▼
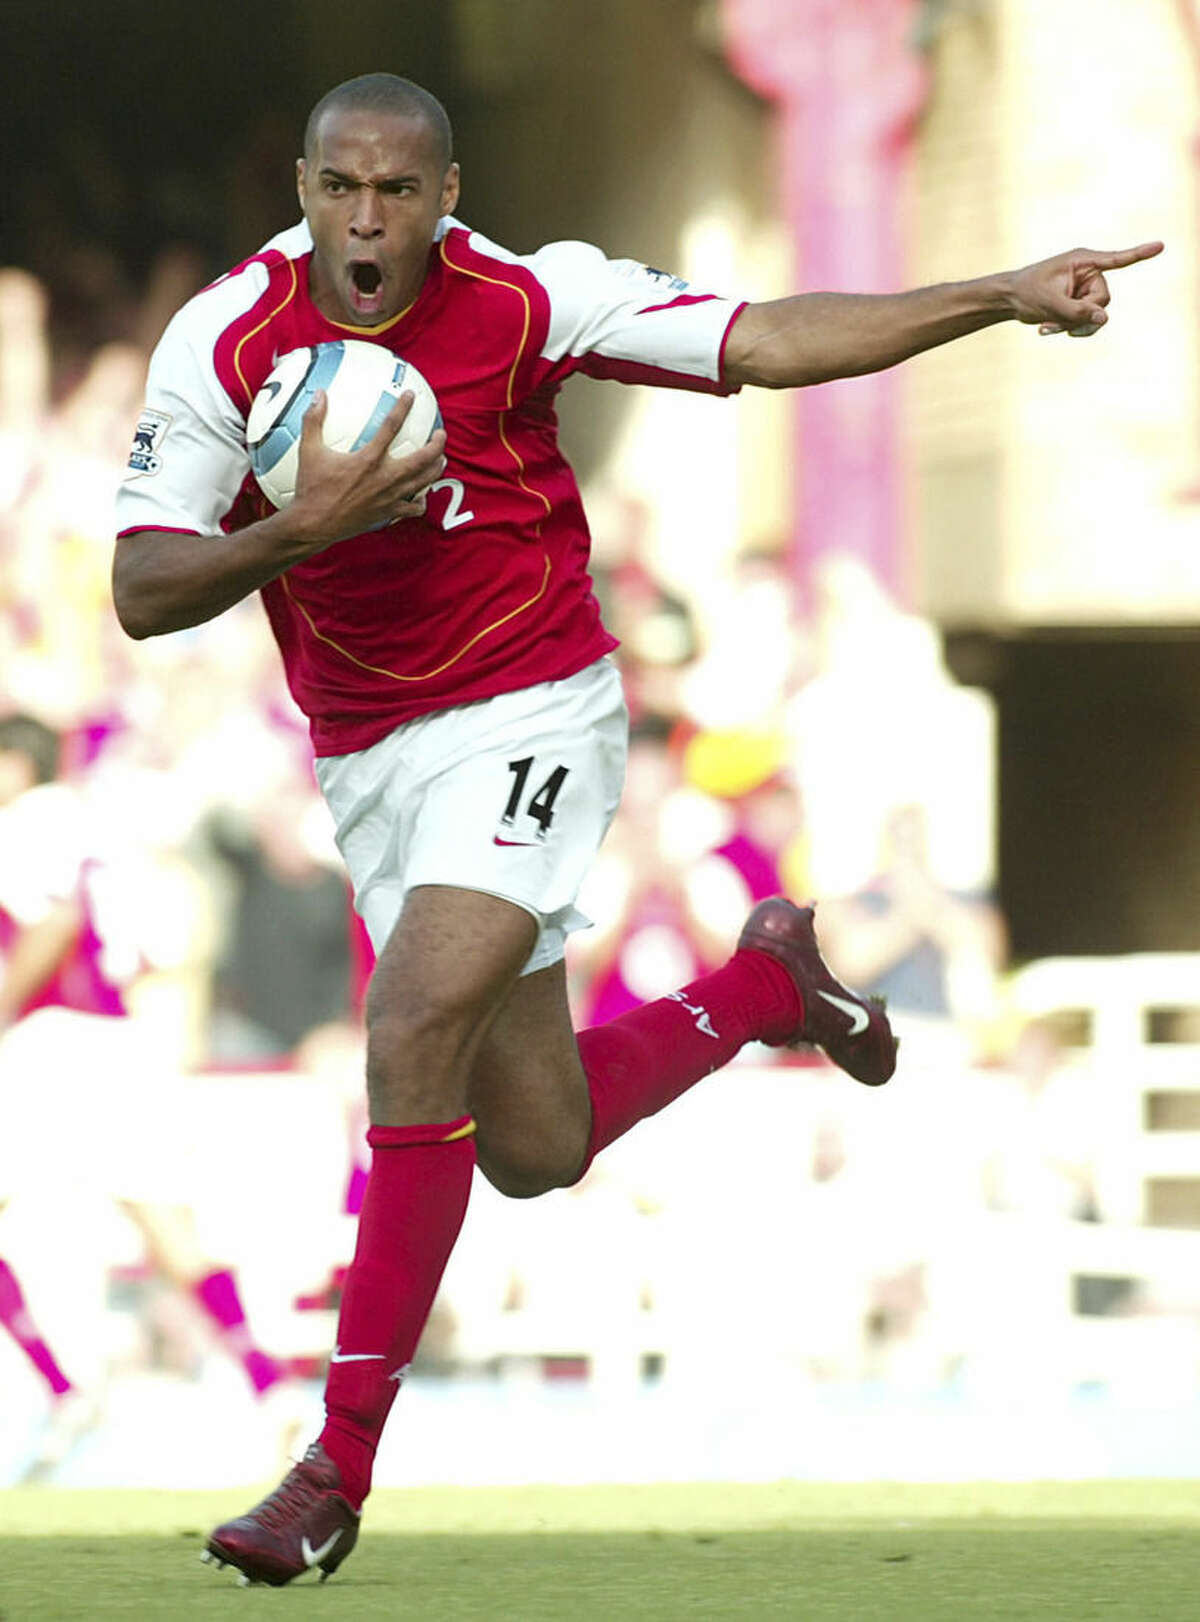 FILE - In this Sunday, Aug. 22, 2004 file photo Arsenal's Thierry Henry celebrates after team mate Dennis Bergkamp scored Arsenal's third goal during the Premiership game between Arsenal and Middlesbrough at Highbury, London. Thierry Henry has announced his retirement following a 20-year career. The 37-year-old Henry, a member of the France teams that won the 1998 World Cup and 2000 European Championship, will take up a media role as a consultant for Sky Sports channel. (AP Photo/John D McHugh, File)
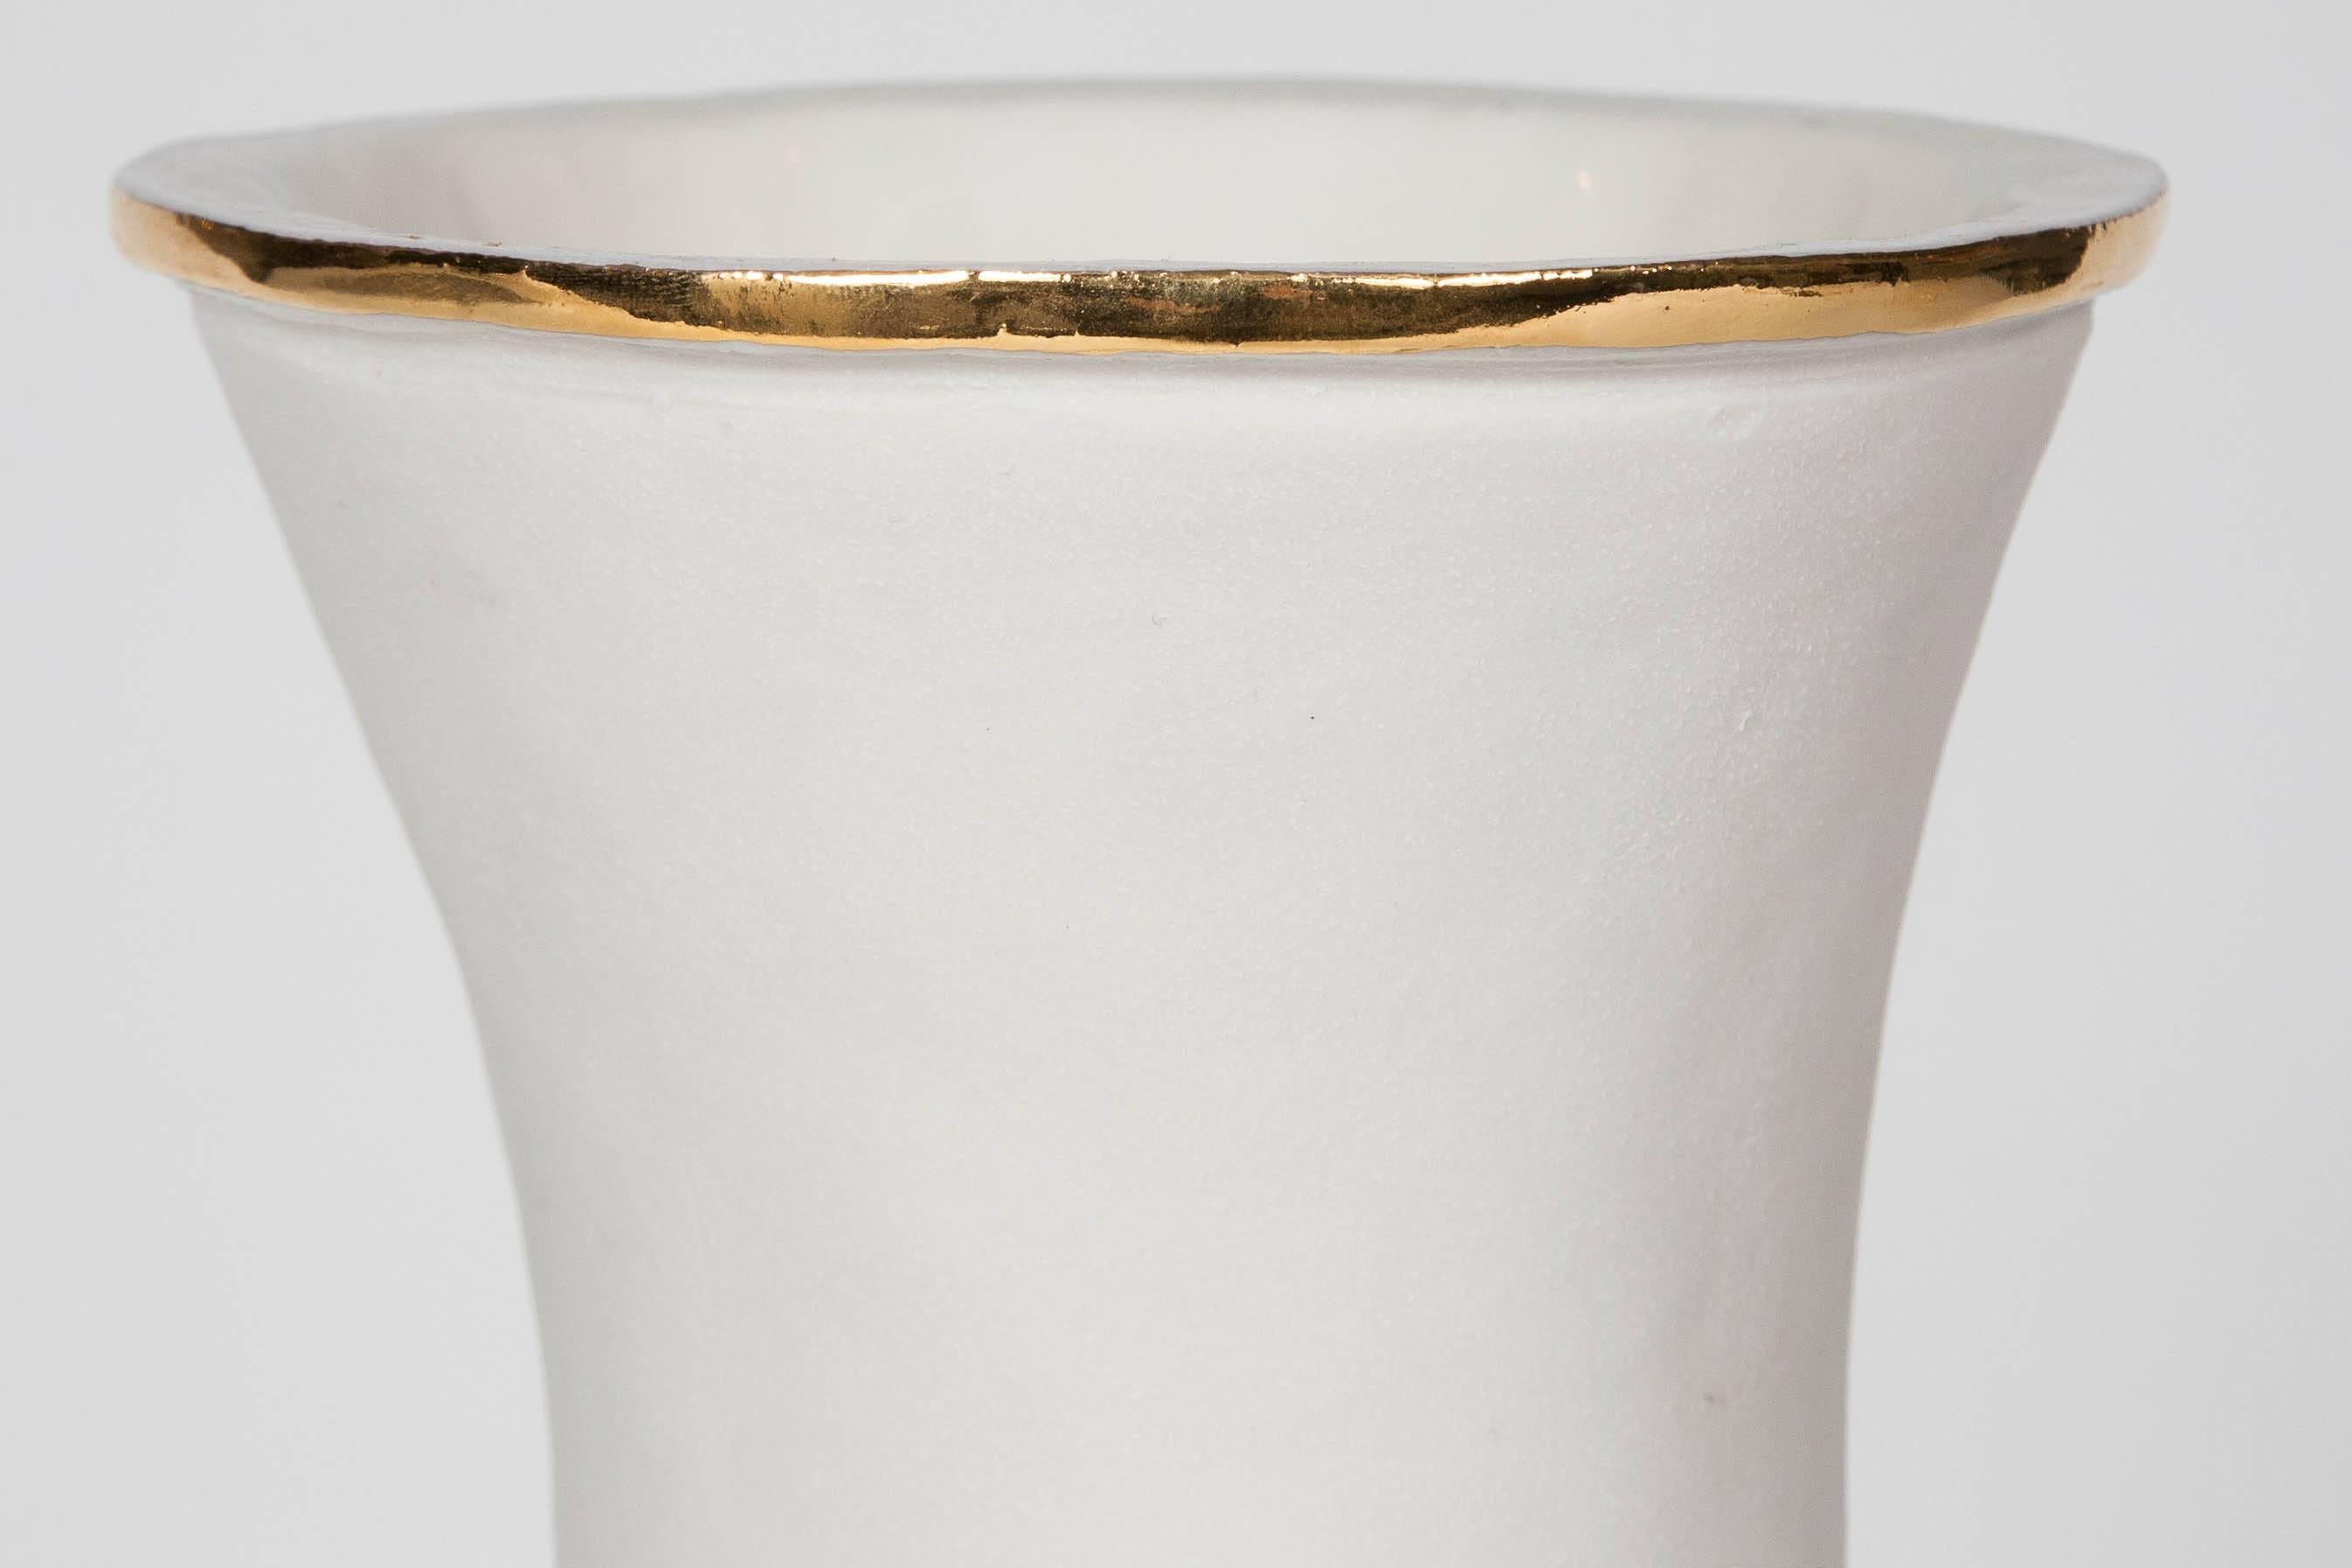 Hand coiled porcelain with parian flowers and gold lustre detail.

Working as ceramic artist, Hughes specialises in hand building, enjoying working with form and texture and studying its relation to decoration. Her practice is both fuelled by and
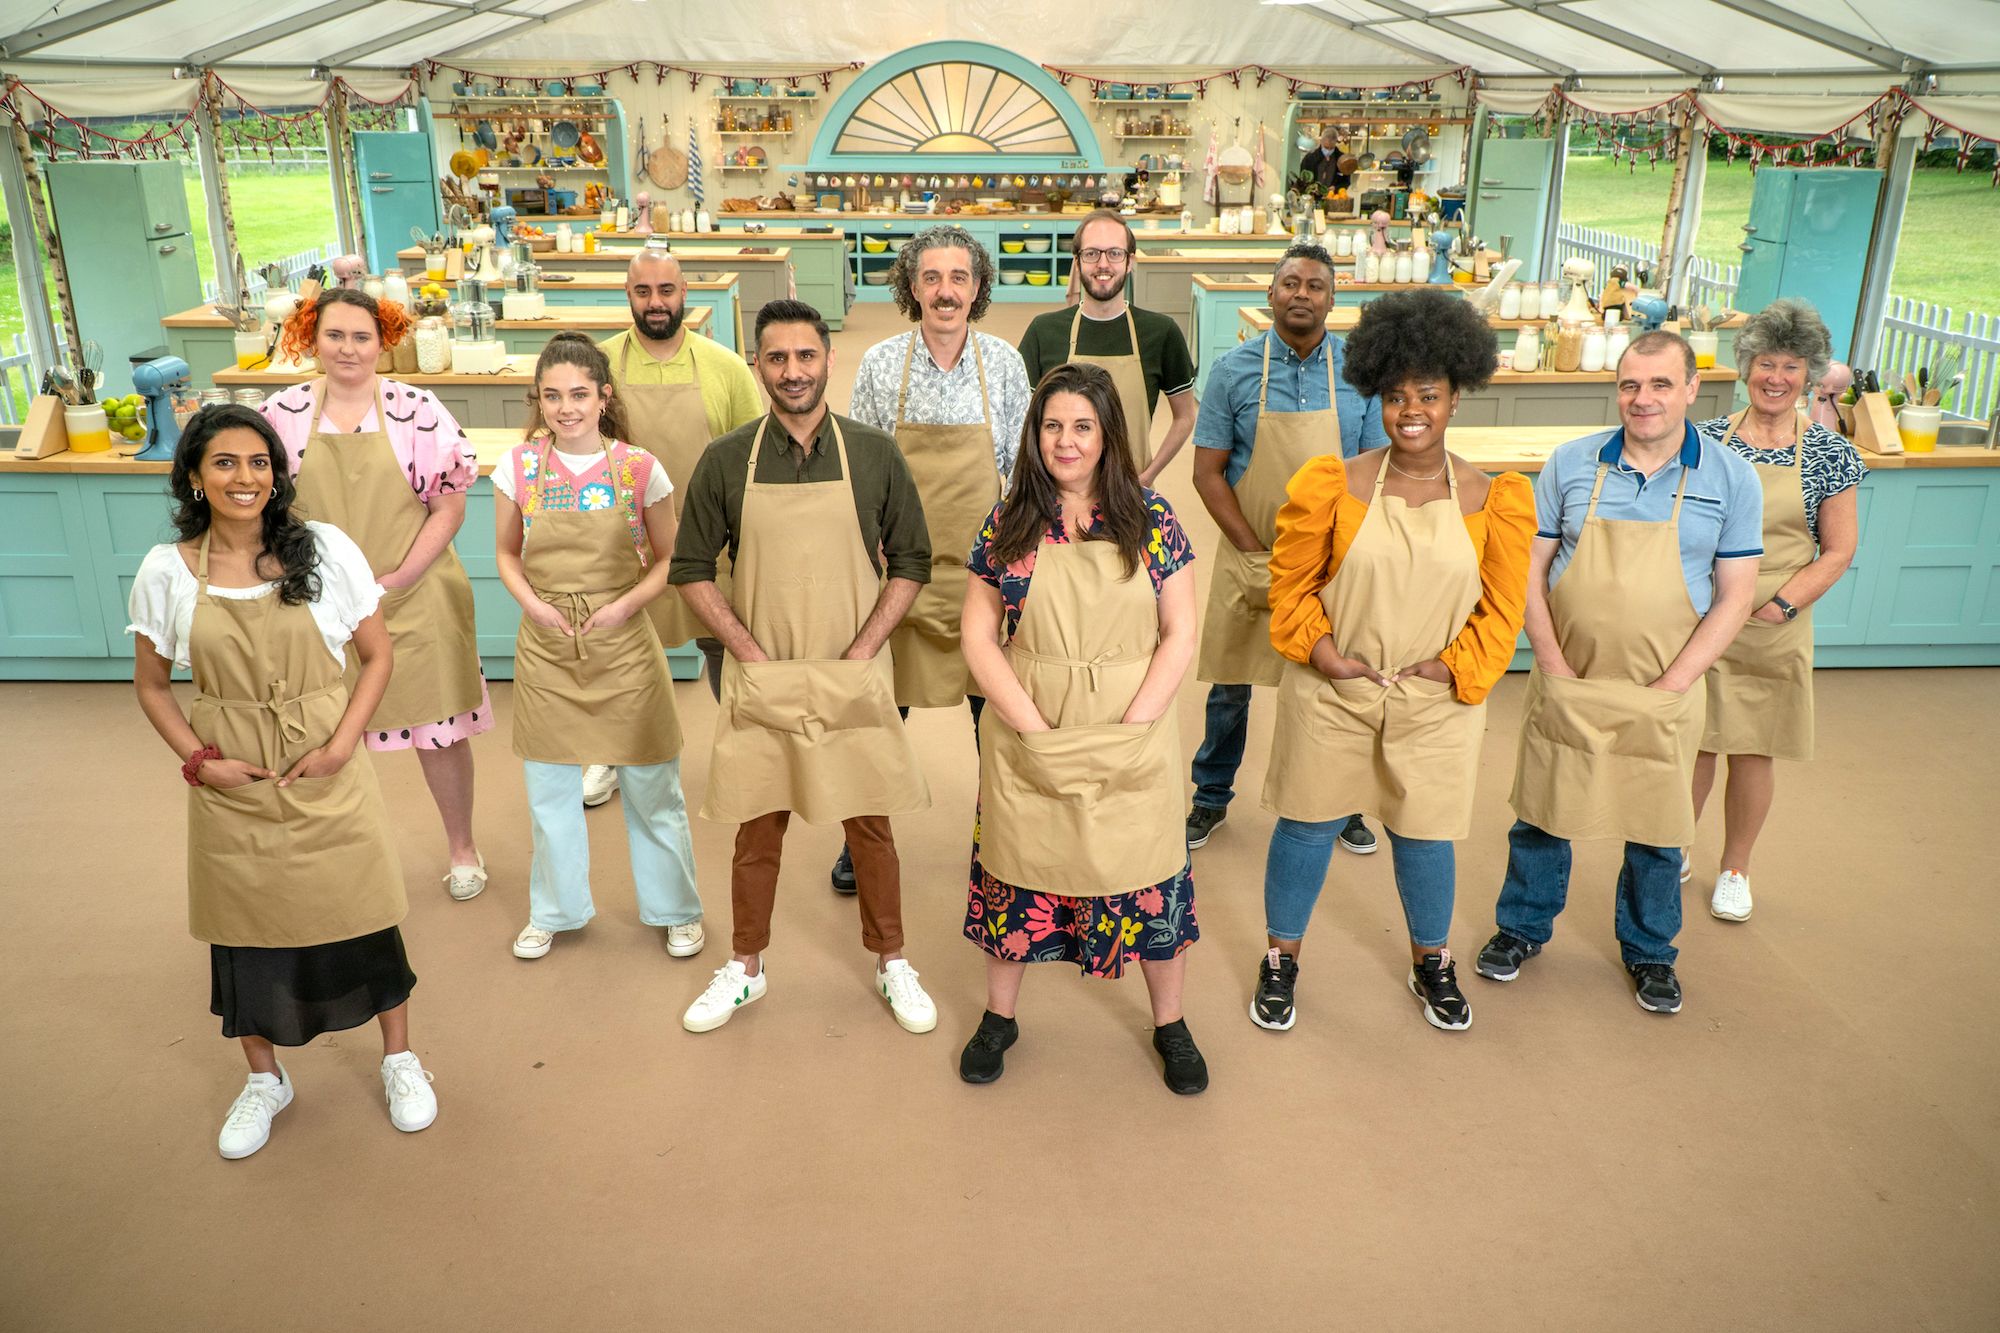 Meet the Cast of The Great British Baking Show pic
▲
*Your goal*
The answer must be an exact copy of the lines from the one that holds "Working as ceramic" through the end of the data, both included, with no pictures.

*The answer*
Working as ceramic artist, Hughes specialises in hand building, enjoying working with form and texture and studying its relation to decoration. Her practice is both fuelled by and
 Meet the Cast of The Great British Baking Show pic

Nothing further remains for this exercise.